Never have a team looked more determined to win than Siya Kolisi’s unstoppable band of blood brothers.

Never have their opponents looked more devastated at that determination than England.

Never did anyone, least of all England, imagine the previously dour, methodical, predictable, defensive South Africans would throw it all in the air like they just didn’t care and play the kind of joyous rugby they did when they were barefoot and 10 years old with no-one watching.

Never, from the opening confrontation until the final gong, was the result in even a smidgen of doubt.

Never have more happy, happy, happy tears been shed by South Africans in the cause of mere sport.

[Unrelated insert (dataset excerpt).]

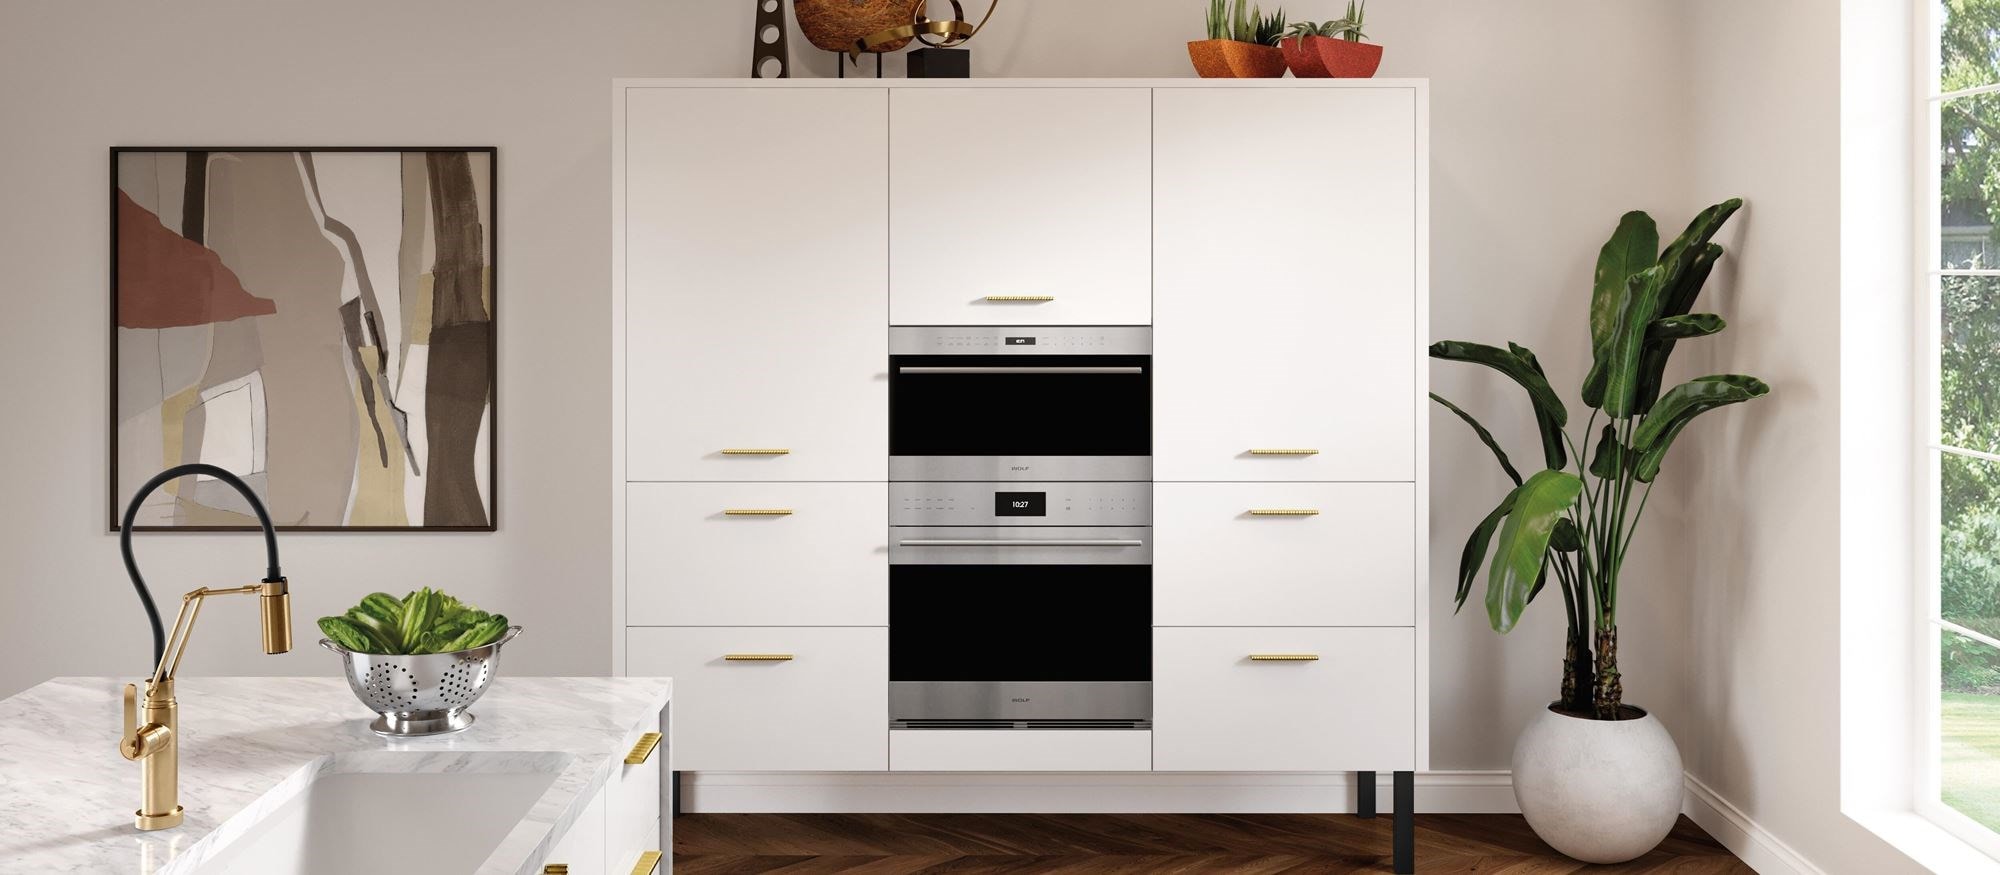 Microondas incorporados Wolf disponibles en cajón, puerta abatible y modelos de apertura lateral que combinan perfectamente con el diseño de su cocina

Never did South Africans expect to see so many of those tears flowing from the hard, unflinching, shard-shaped eyes of Daniel Johannes Vermeulen.

Duane Vermeulen, the Boks’ matchwinning No. 8, stood there — the sweat he had won from the contest shining like a medal on the vast slab of his forehead gleaming some 1.93 metres in the sky, his mighty arms attached to meaty hands now clasped behind a massive, hairy, bearded head — and sobbed. Openly and proudly and fok julle almal.

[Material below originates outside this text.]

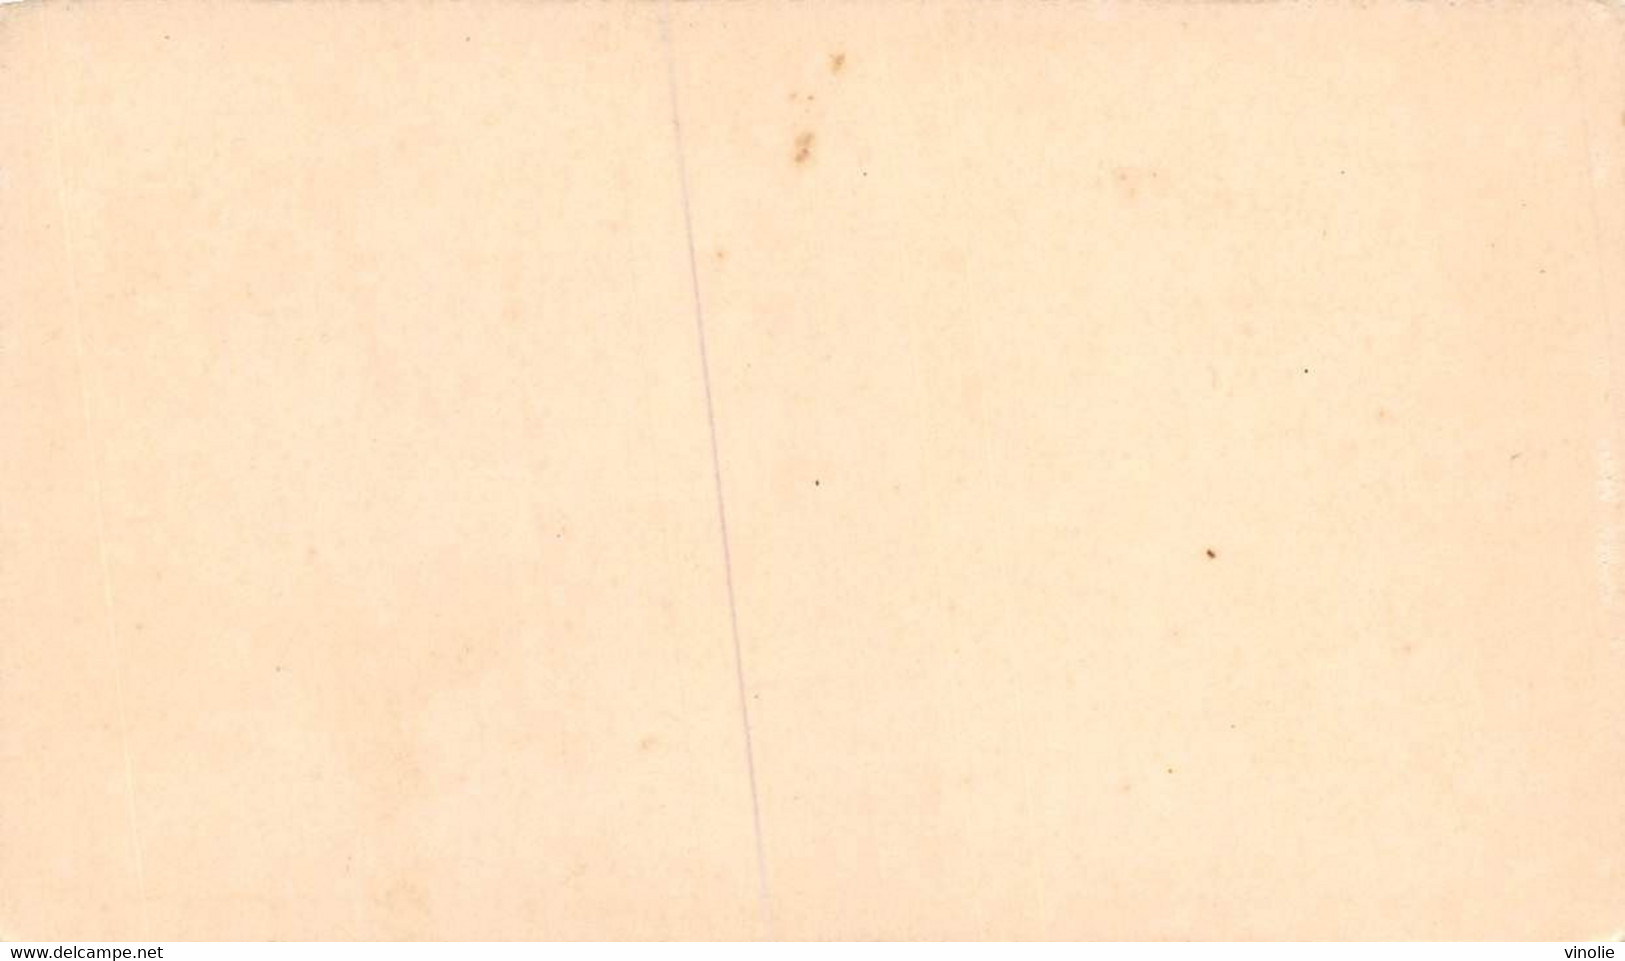 P.21-FO-1582 : IMAGE. CHROMOLITHOGRAPHIE. THEME MONNAIE. PIECE DE 5 F ARGENT. LOUIS PHILIPPE 1840 - Non Classés

Vermeulen’s tears disappeared into his muddied, bloodied jersey. And into the hearts of all who shared his passion, where they will stay forever.

You could tell this story just as well in short, sharp exclamations as in long and winding sentences: 32-bloody-12! Two tries to none! A scrum that was an irrisistable force and an immovable object all in one! Makazole Mapimpi’s bulletproof confidence! Cheslin Kolbe’s otherworldly brilliance! Handré Pollard’s pulseless precision! Kolisi’s serene selflessness! Rassie Erasmus’ sangoma sensibilities! Jérôme Garcès hitherto unseen competence!

But why wouldn’t you want to linger on this triumph as long as you could, and then a little longer? Celebrate, the beloved country. You’ve earned the right to feel better than you have since Thabo Mbeki fell off the bus, and you’ve earned it the hard way.

You can’t eat the World Cup or live in it or wear it or have it pay you a living wage.

Winning it won’t bring back the people we murder every few years because they have come from somewhere else in Africa, nor resurrect the women we murder every day for daring to think how they live their lives shouldn’t be controlled by men, nor stop us from preying on children for reasons too sick to get into.

Rugby won’t rid us of the wilfully, brazenly useless government we elected — yes, that’s our fault — nor spare us a shamelessly illiberal opposition that stands for nothing except whatever it is the government is against — thanks, the middle class, for nothing — nor stop the only vaguelly left-wing party from becoming an ever unfunnier joke — it’s hard to laugh at seething hate.

The World Cup won’t make Eskom do their jobs, nor will it convince the people we need to convince of the bleeding obvious — that we need a better plan for making sure we have enough water than simply praying for rain.

The privileged will still be privileged. The poor will still be poor. The zombie that is apartheid, dead only for the time it takes people to bother to vote, the rest of the time rudely alive in every real sense, will still be out there. 

For all that, what happened in Yokohama on Saturday could change things. It kindles a small flame of hope that, just maybe, South Africa isn’t doomed to be remembered as the country that betrayed itself.

What chance this will make the homed see the homeless as the fellow human beings they are and not, as too many of them do currently, as filth to be swept into someone else’s streets?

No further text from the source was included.